Изменить стиль страницы

— Нейфилду, очевидно, казалось, сэр, что при открытом сосуде ему будет легче регулировать ход эксперимента.

— Чепуха. В том-то и беда с современной молодежью, что безопасность у них на последнем месте. Знаете, я обошел лаборатории, и мне стало дурно, буквально дурно, от того, что я увидел. Растворители кипятят на открытом огне. При нагревании никто не пользуется асбестовыми сетками. А вытяжные шкафы в ужасающем состоянии. Откровенно говоря, я собирался созвать факультетское собрание именно по данному вопросу, и чрезвычайно прискорбно, что я не успел его созвать до этого происшествия.

Брейд неловко заерзал на стуле. Никаких особых нарушений техники безопасности в студенческих лабораториях не было.

— Сэр, если не считать порезанных пальцев да небольших ожогов кислотой, это единственный несчастный случай за последние десять лет.

— А вам бы хотелось больше?

Брейд промолчал, и Литлби, насладившись тем, как ловко он парировал его слова, заговорил снова:

— По-моему, прежде всего мы должны заняться организацией специального курса по технике безопасности, прочитать лекции о том, что, так сказать, можно и что нельзя у нас в химии. Лекции назначим на пять часов, с обязательным посещением для всех, кто проходит лабораторную практику, как для старшеклассников, так и для аспирантов. Ваше мнение?

— Попробуем.

— Хорошо. Я попрошу вас, профессор Брейд, организовать этот курс, и, думаю, будет очень неплохо, если вы предложите Кэпу Энсону к вам присоединиться. Старик безусловно обрадуется случаю проявить себя, и это как раз удобный случай что-нибудь для него устроить.

— Да, сэр, — холодно произнес Брейд.

Все это ему не понравилось: похоже, для него придумали специальное наказание, как у Данте, нечто вроде искупления вины, обряда очищения. Его аспирант оказался неосторожным, и за это он, Брейд, должен приучать к осторожности других студентов.

— Пожалуй, хватит по одной лекции в неделю, — говорил Литлби, — и начать теперь же.

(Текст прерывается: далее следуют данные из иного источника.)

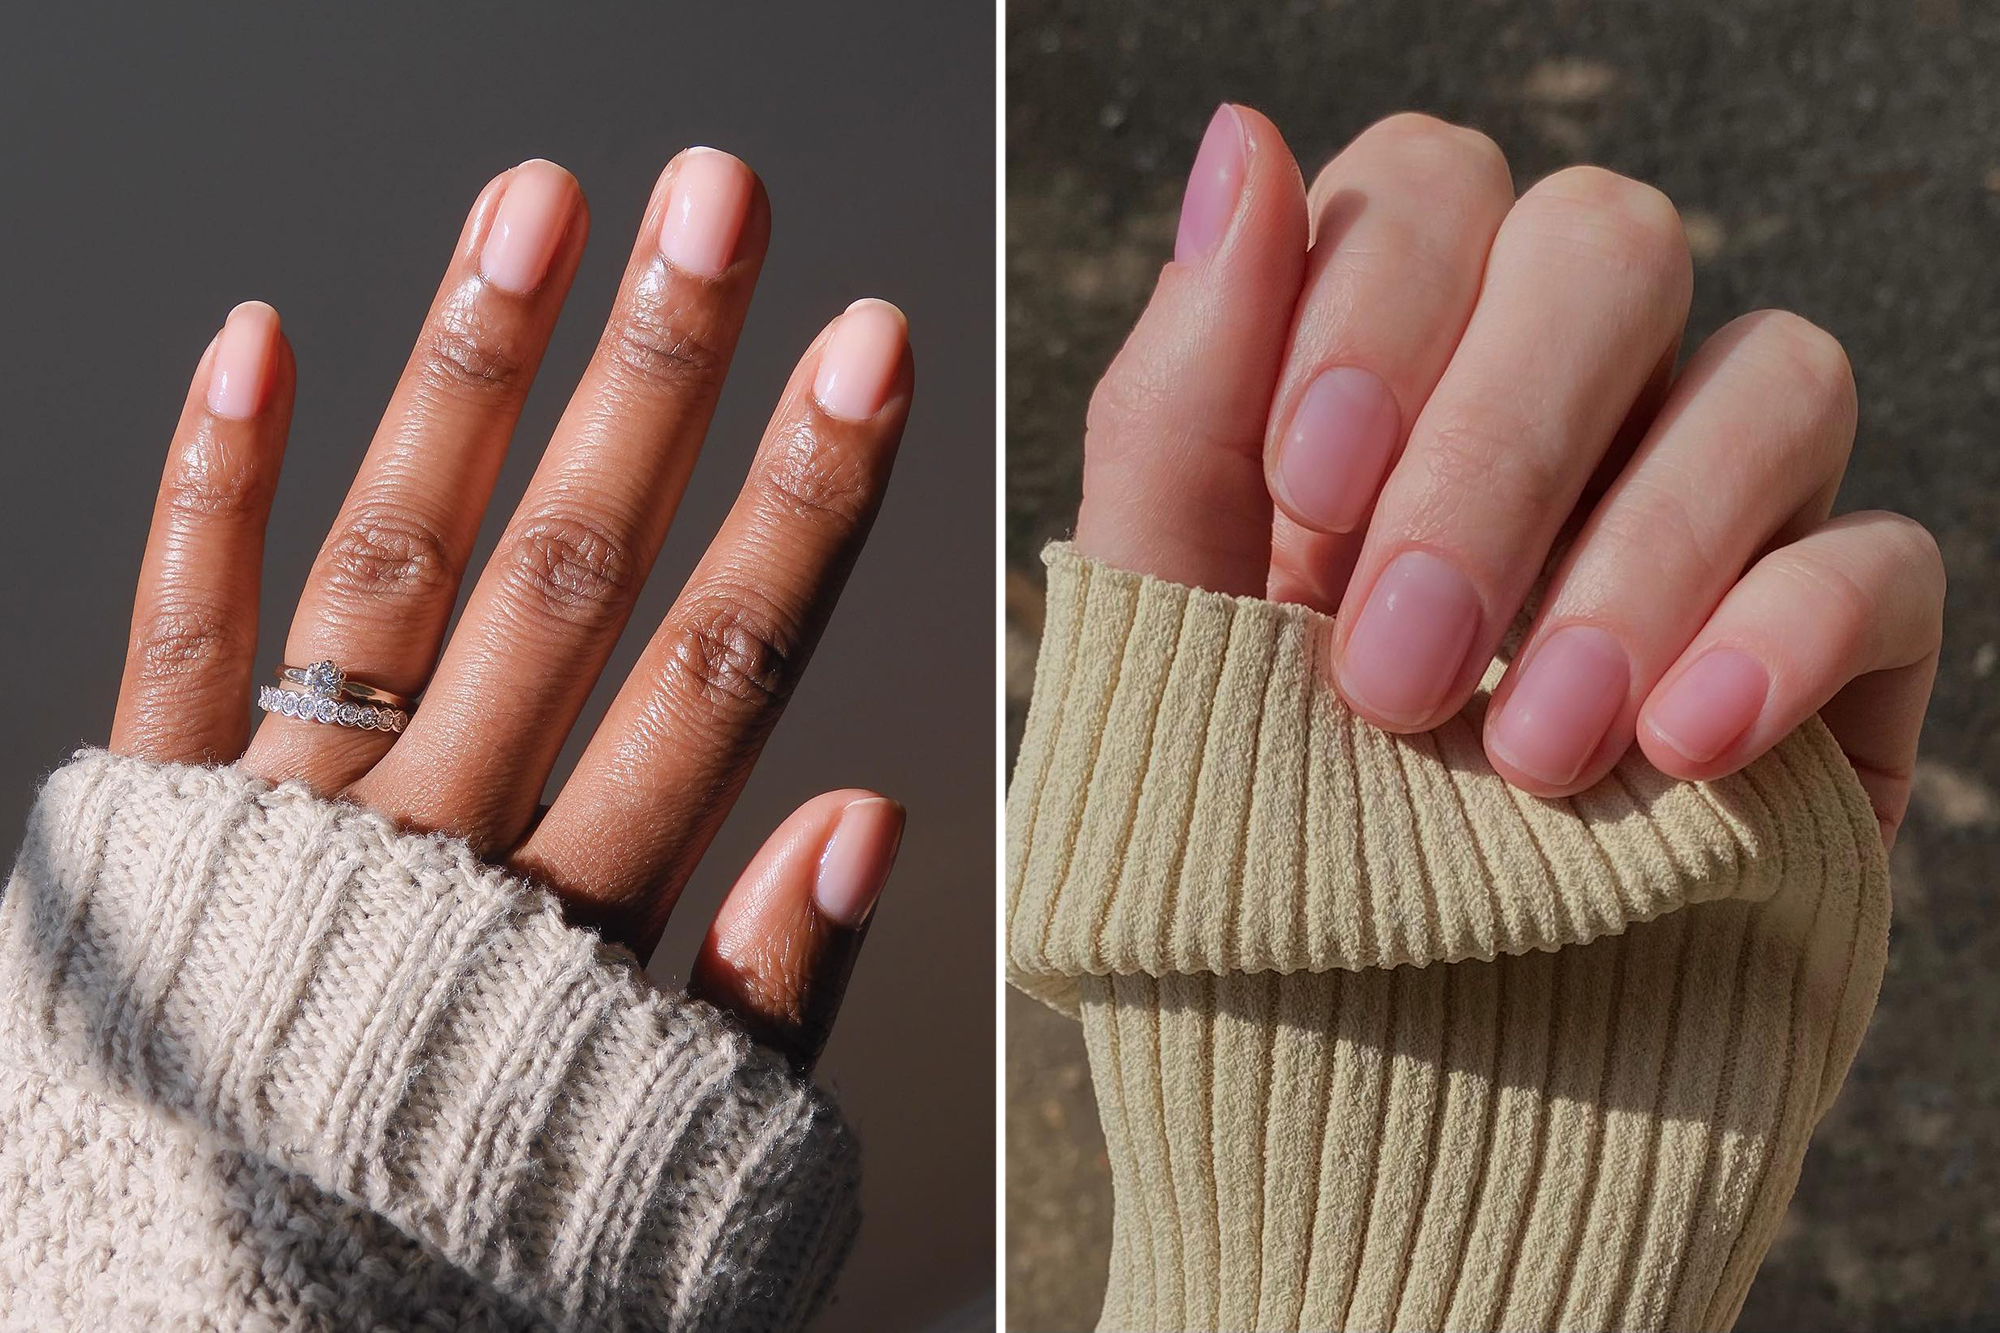 Nail tints are the hot trend of the summer — and much healthier for your nails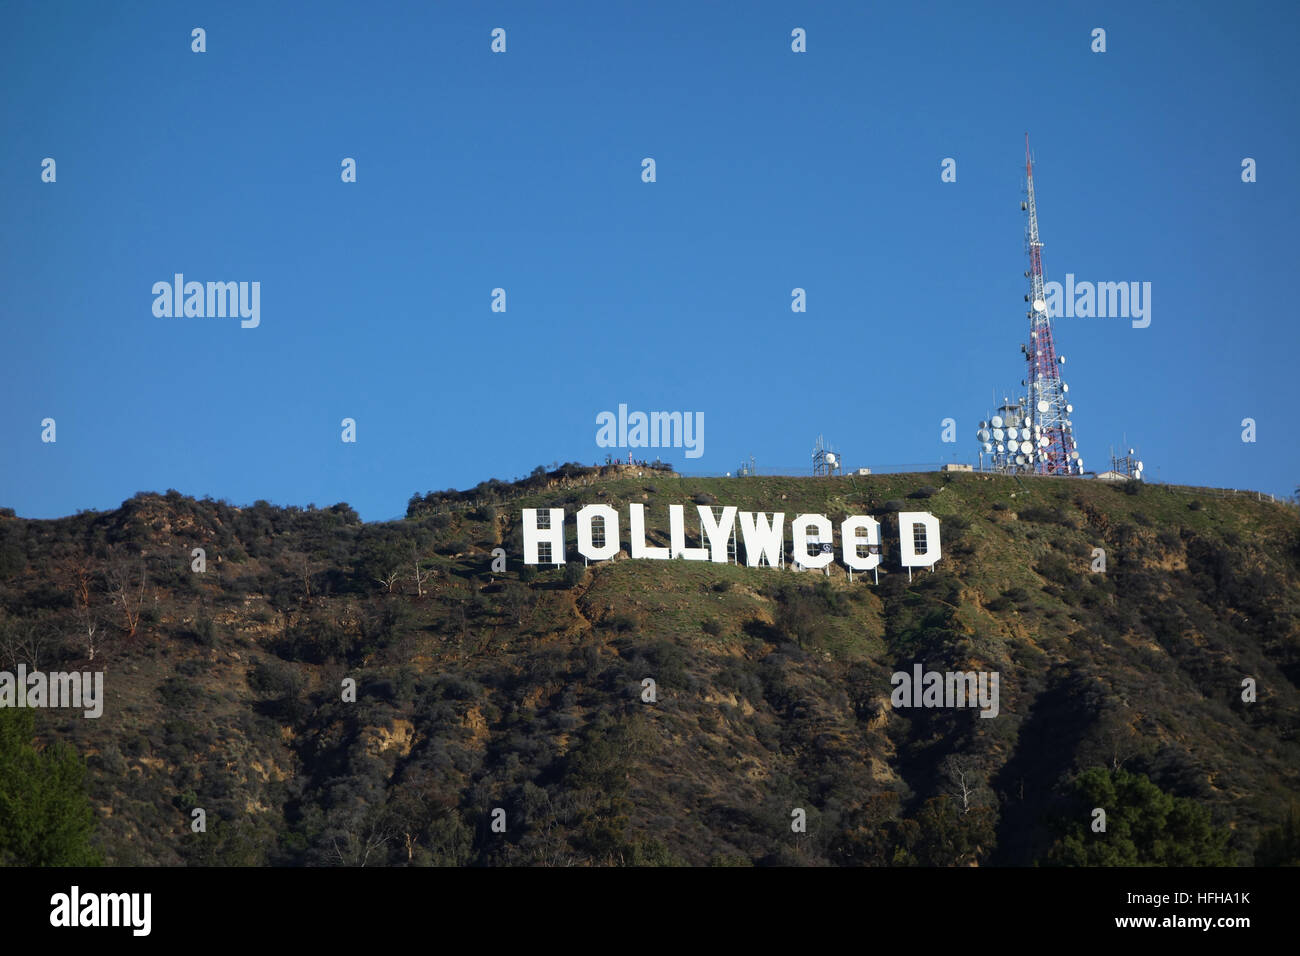 Hollywood, USA. 1st January 2017. The iconic Hollywood Sign was altered by pranksters to read 'Hollyweed'.  Residents nearby the sign awoke to this view on New Year's Day. The iconic sign was similarly altered once before on Jan. 1, 1976. Credit: Robert Landau/Alamy Live News Stock Photo

Если газеты… — Он прокашлялся. — Думаю, вреда не будет, если мы скажем, что это уже было запланировано как часть нашей постоянной программы по технике безопасности. И обмана тоже не будет, раз я уже готов был заняться этим, как я вам говорил…

Он вдруг взглянул на стенные часы, на них было без четверти девять.

— У вас в девять лекция, профессор Брейд?

— Да.

— Полагаю, вы в состоянии ее провести. Или вы настолько потрясены, что…

— Нет, — быстро сказал Брейд, — я вполне готов вести занятия.

— Прекрасно. Да, по поводу нашего маленького сборища завтра вечером. Надеюсь, вы с вашей милой супругой все-таки сможете прийти? Хотя, если вы чувствуете, что при данных обстоятельствах…

Брейд с трудом удержался от резкого ответа.

— Мы, по всей вероятности, придем. Для нас это такая приятная возможность, что…

И путаясь в неоконченных фразах, оба механически заулыбались и раскланялись с чопорной вежливостью, в которой не было ни капли дружеских чувств.

«Он не хочет, чтобы я приходил, — подумал Брейд. — Я отмечен смертью. Дурная слава. Только ради Дорис — иначе мы бы не пошли».

Бедная Дорис. Если раньше и была какая-то надежда на повышение, то сейчас все выглядело довольно безотрадно. Маленькие глазки Литлби ничего хорошего не обещали. Бедный Брейд. Перенесет ли это Дорис? Иногда она впадает в отчаяние, но прежде всегда находила в себе новый запас сил; конечно, найдет и теперь.

Когда он выходил из кабинета, он вспомнил слова Литлби о характеристиках, и его мысли заработали в ином направлении. Каждый преподаватель не только оценивал успеваемость ученика отметкой, которая предавалась широкой гласности, но еще и составлял его характеристику, по возможности более полную. Она оставалась негласной.

Конечно, профессора и преподаватели имели доступ к таким документам, и прежде чем стать руководителем Ральфа, Брейду тоже пришлось заглянуть в его характеристики. Но тогда он лишь бегло просмотрел их. Он знал, что Ральф на плохом счету, и не собирался принимать это во внимание.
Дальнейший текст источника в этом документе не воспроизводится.